--- START ---
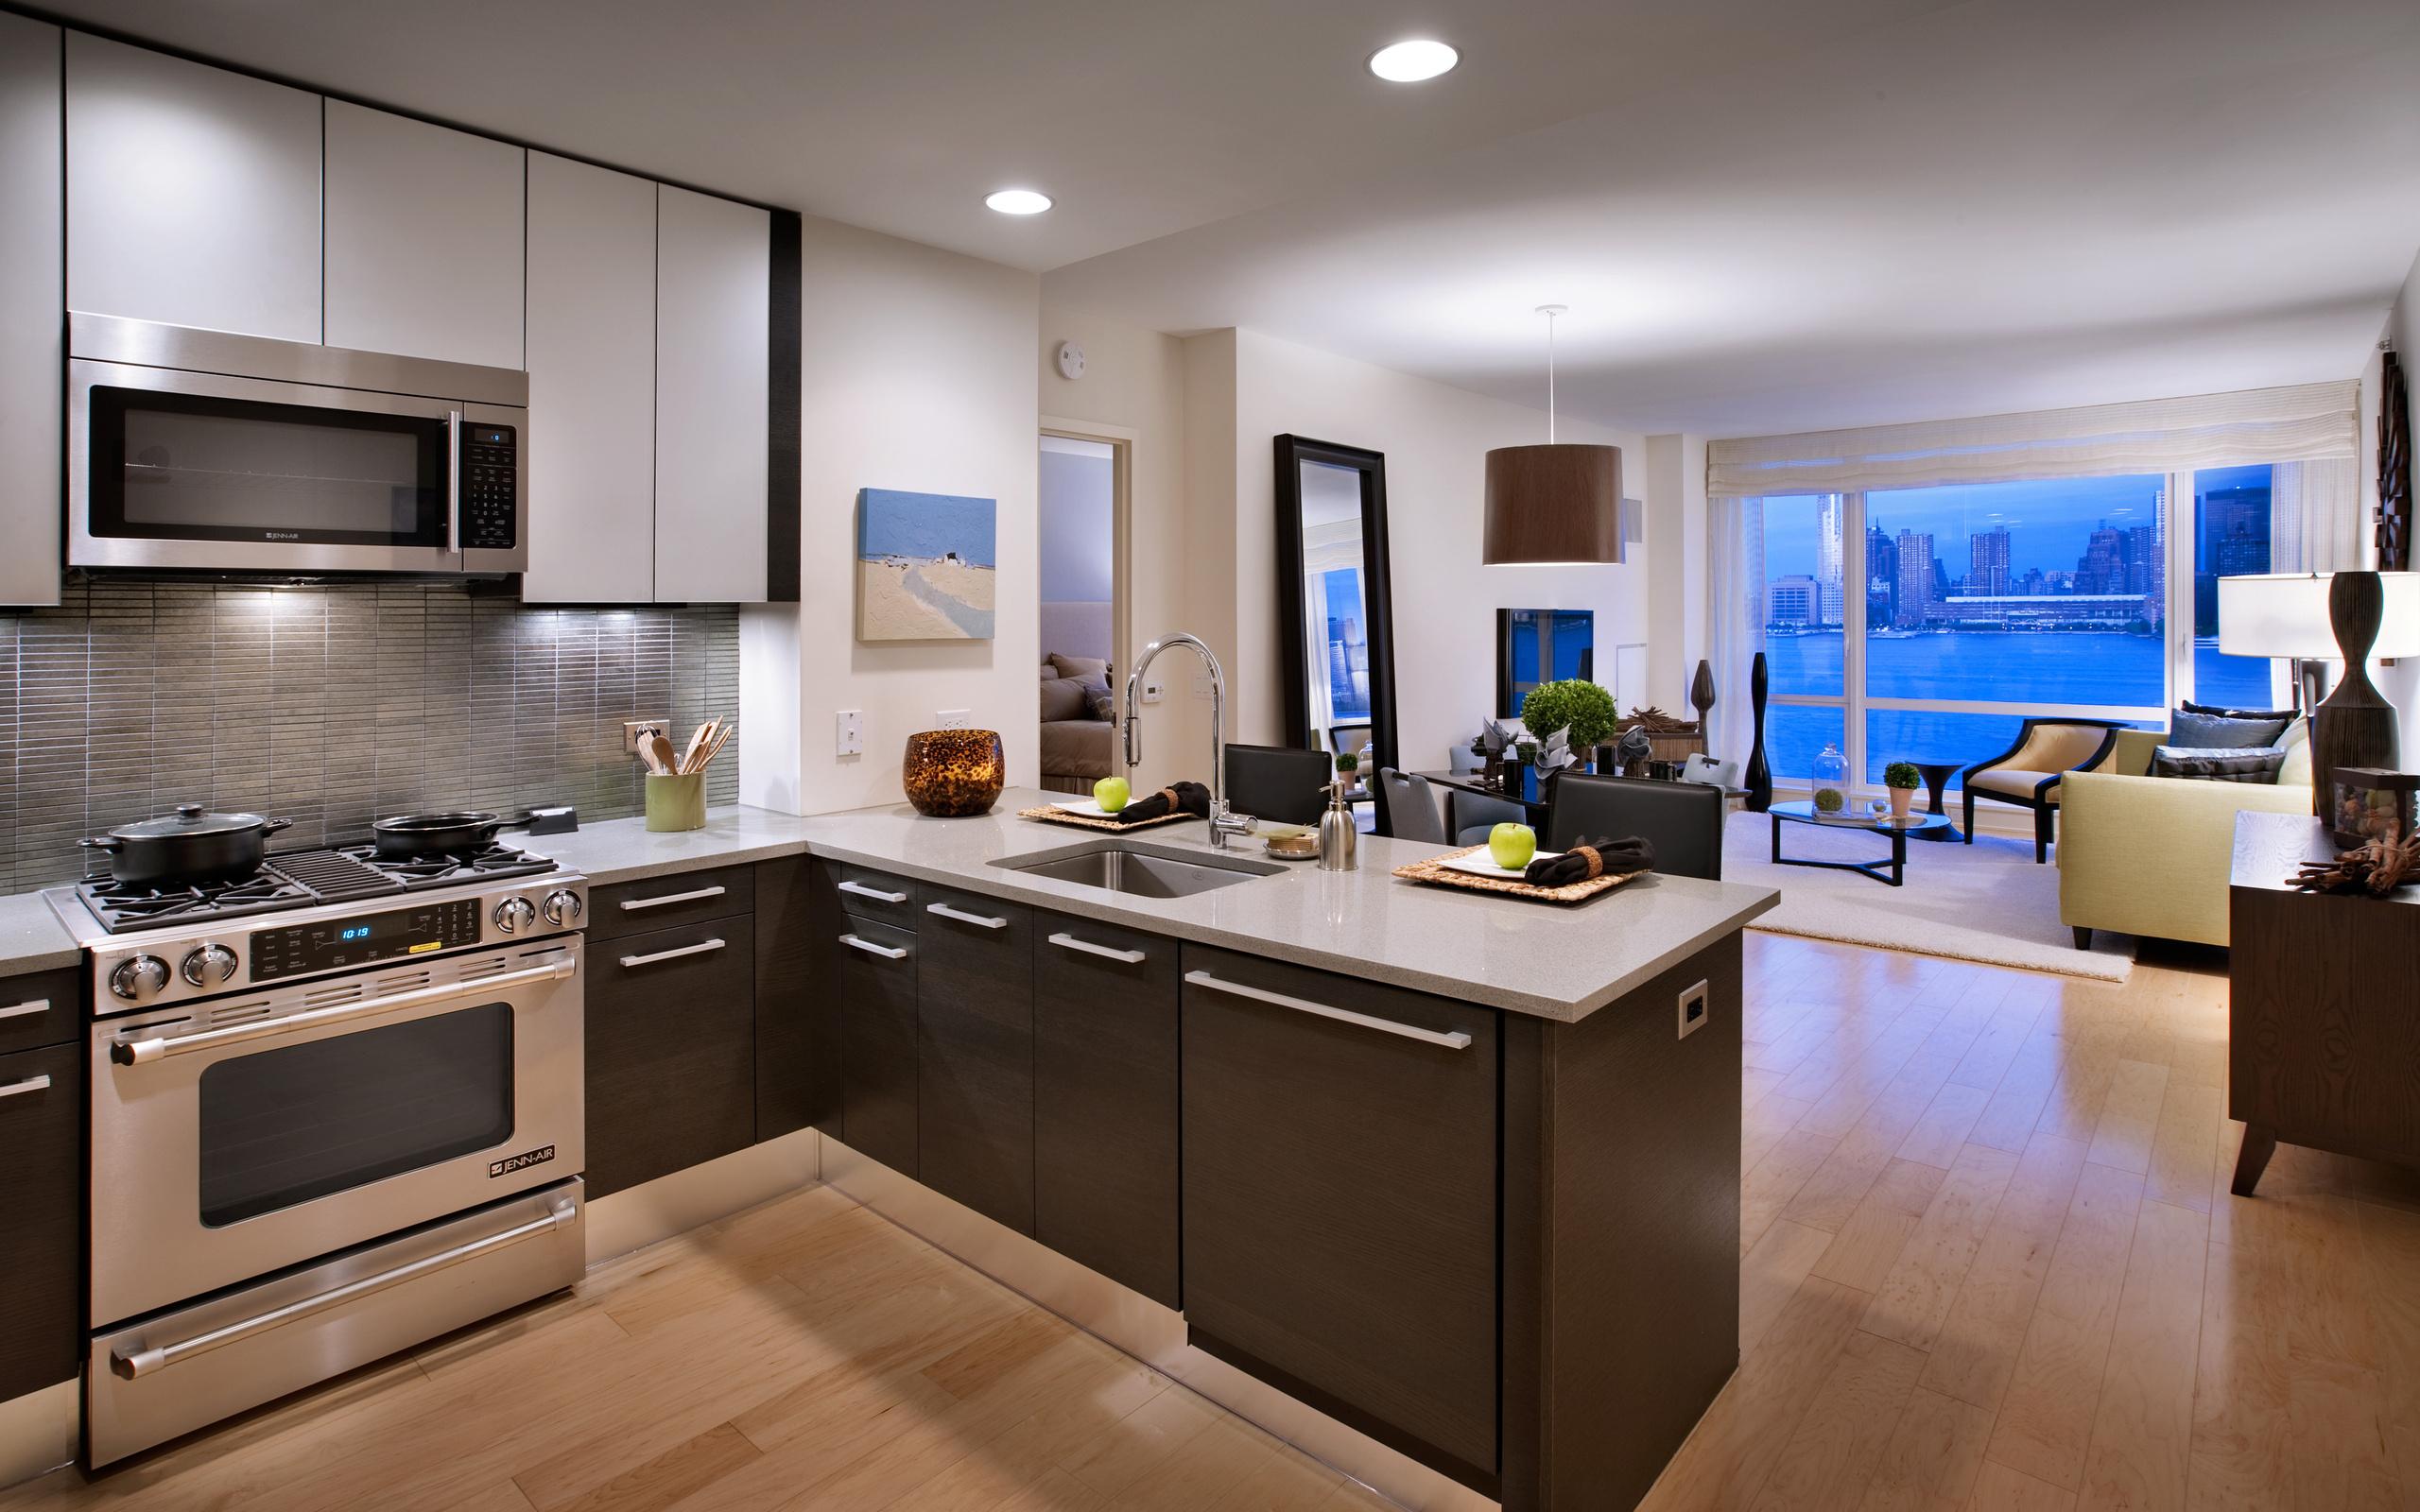 Кухня комната дизайн фото в современном
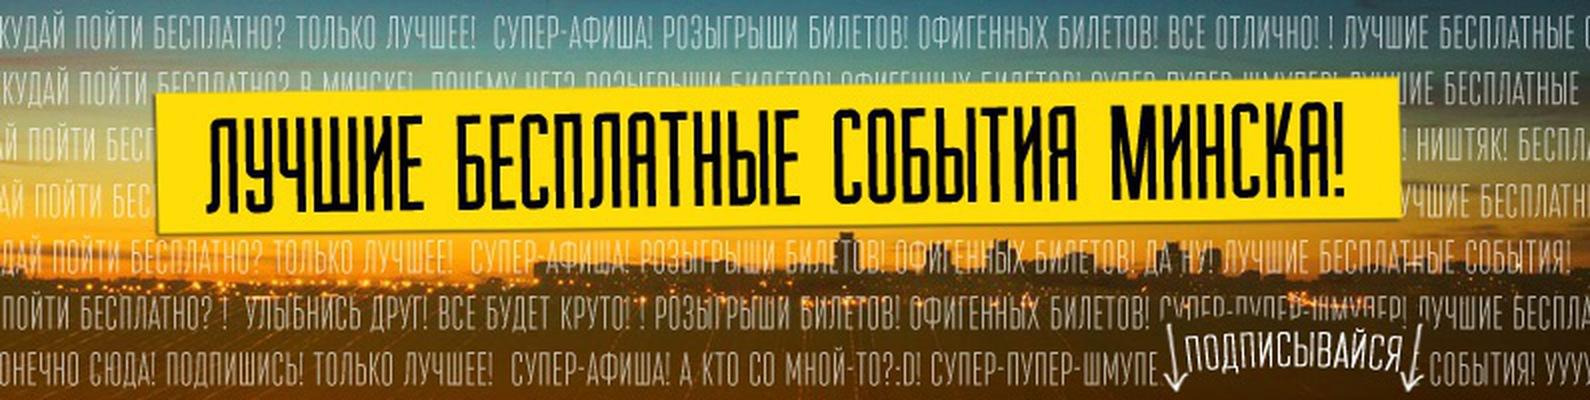 Бесплатные билеты в театр минск театр камала казань официальный сайт афиша на сентябрь
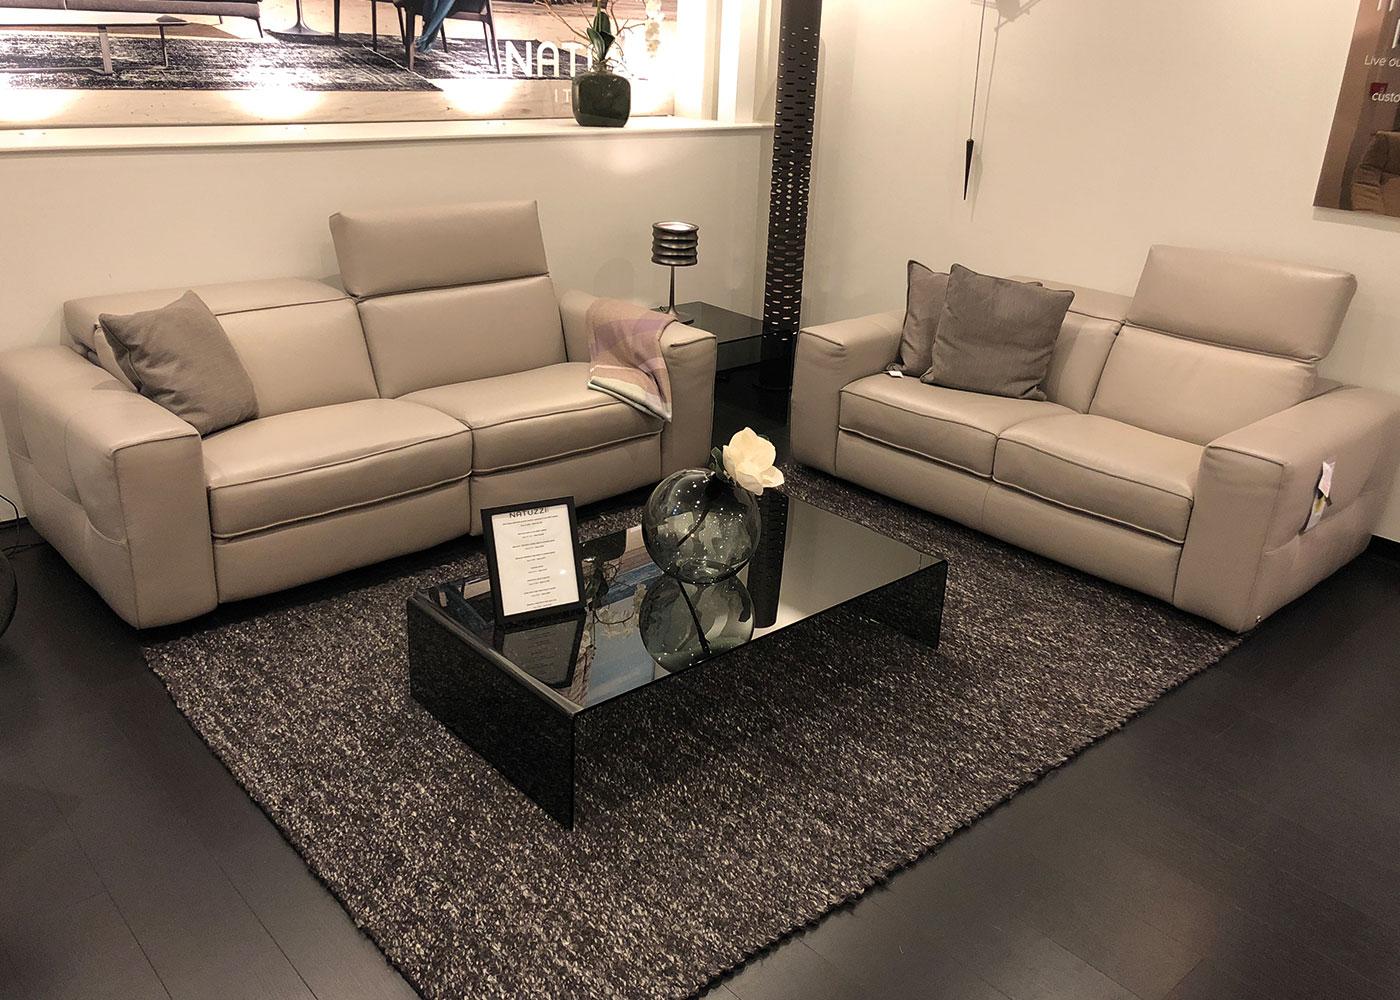 Natuzzi Brio Midfurn Furniture Superstore
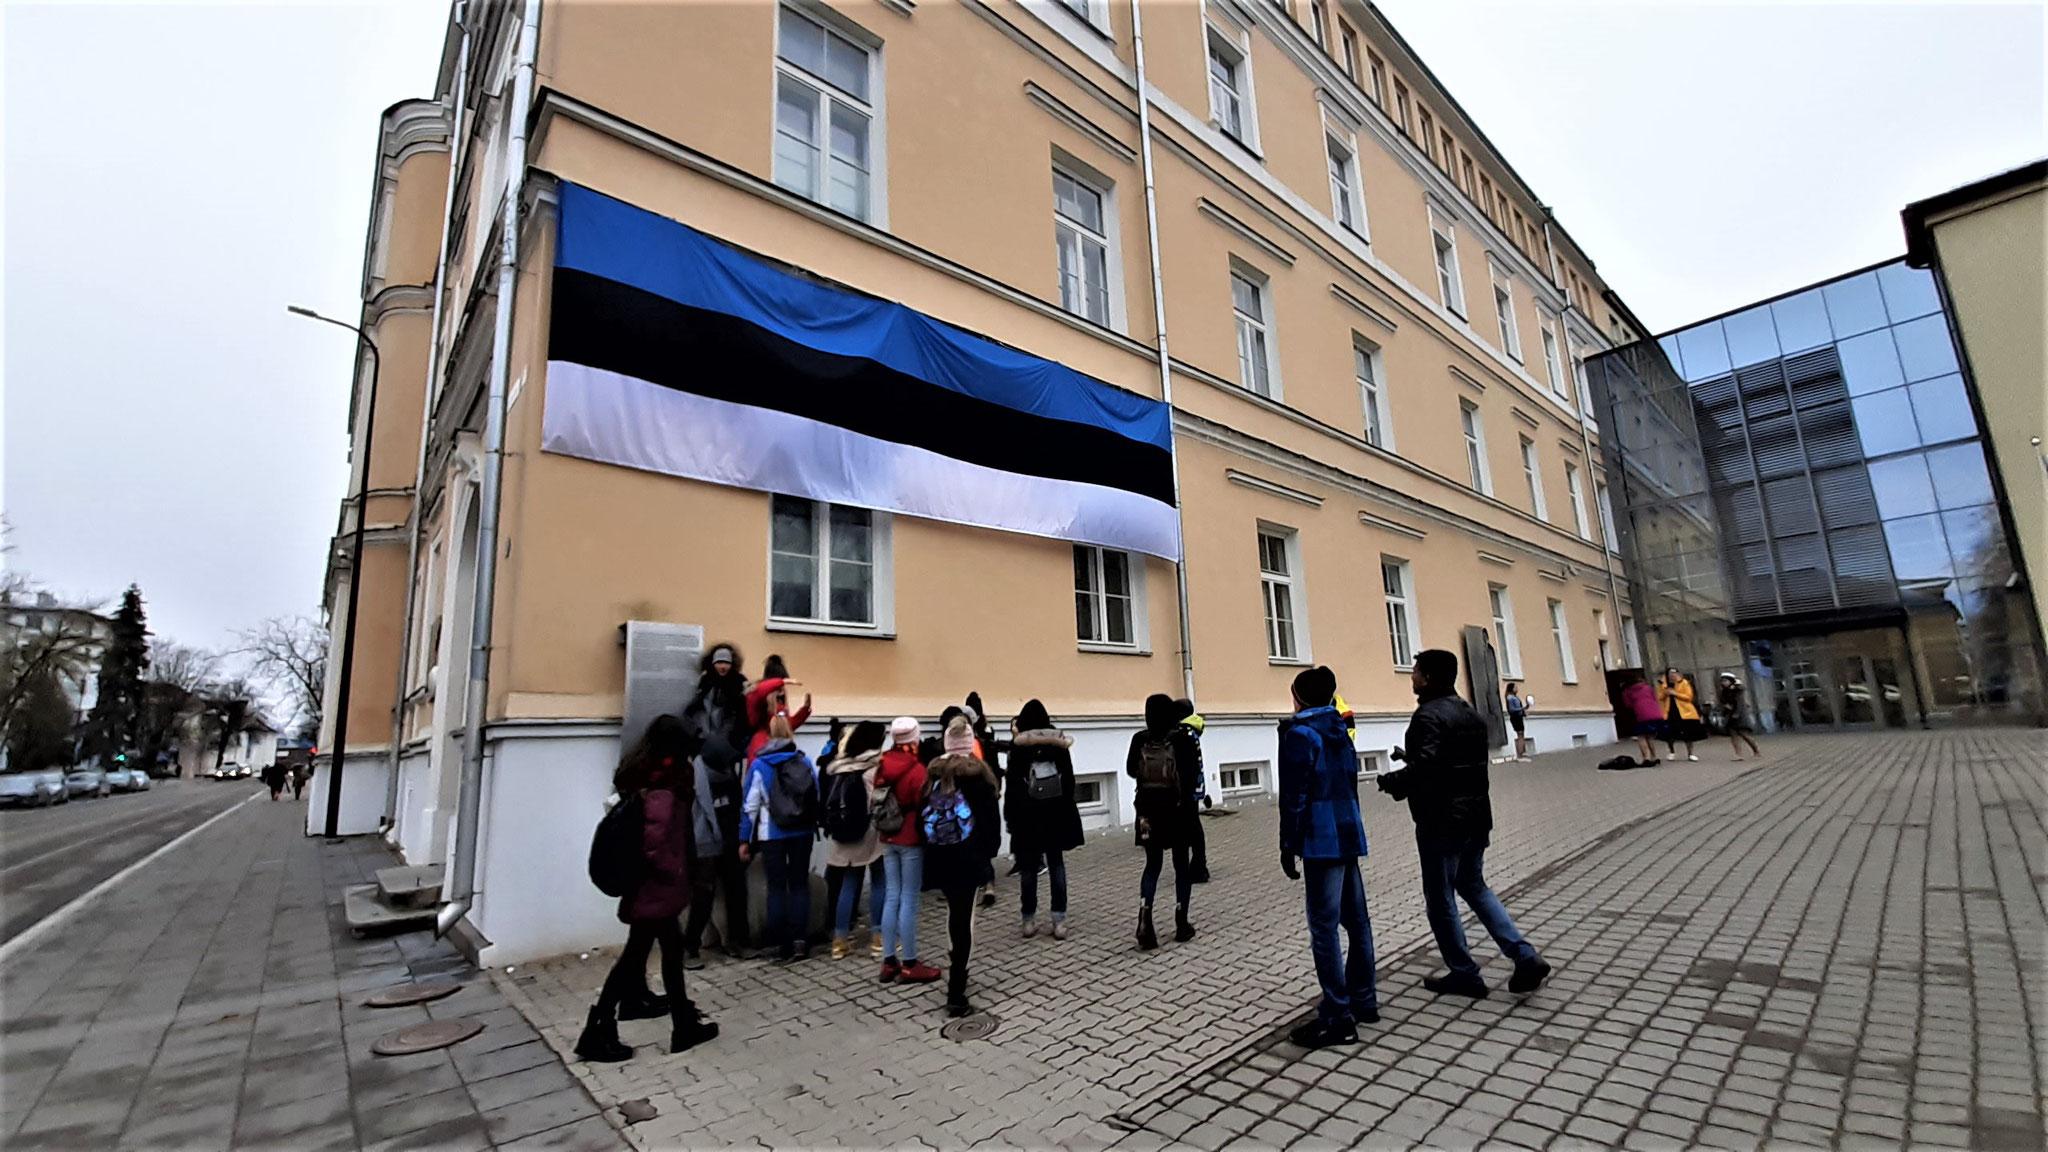 Die Flagge kann nicht groß genug sein bei 100 Jahren vertraglich unterzeichnetem Frieden.
--- END ---
Task requirements — Restate the material above word for word, omitting the pictures.

Task result —
 Кухня комната дизайн фото в современном
 Бесплатные билеты в театр минск театр камала казань официальный сайт афиша на сентябрь
 Natuzzi Brio Midfurn Furniture Superstore
 Die Flagge kann nicht groß genug sein bei 100 Jahren vertraglich unterzeichnetem Frieden.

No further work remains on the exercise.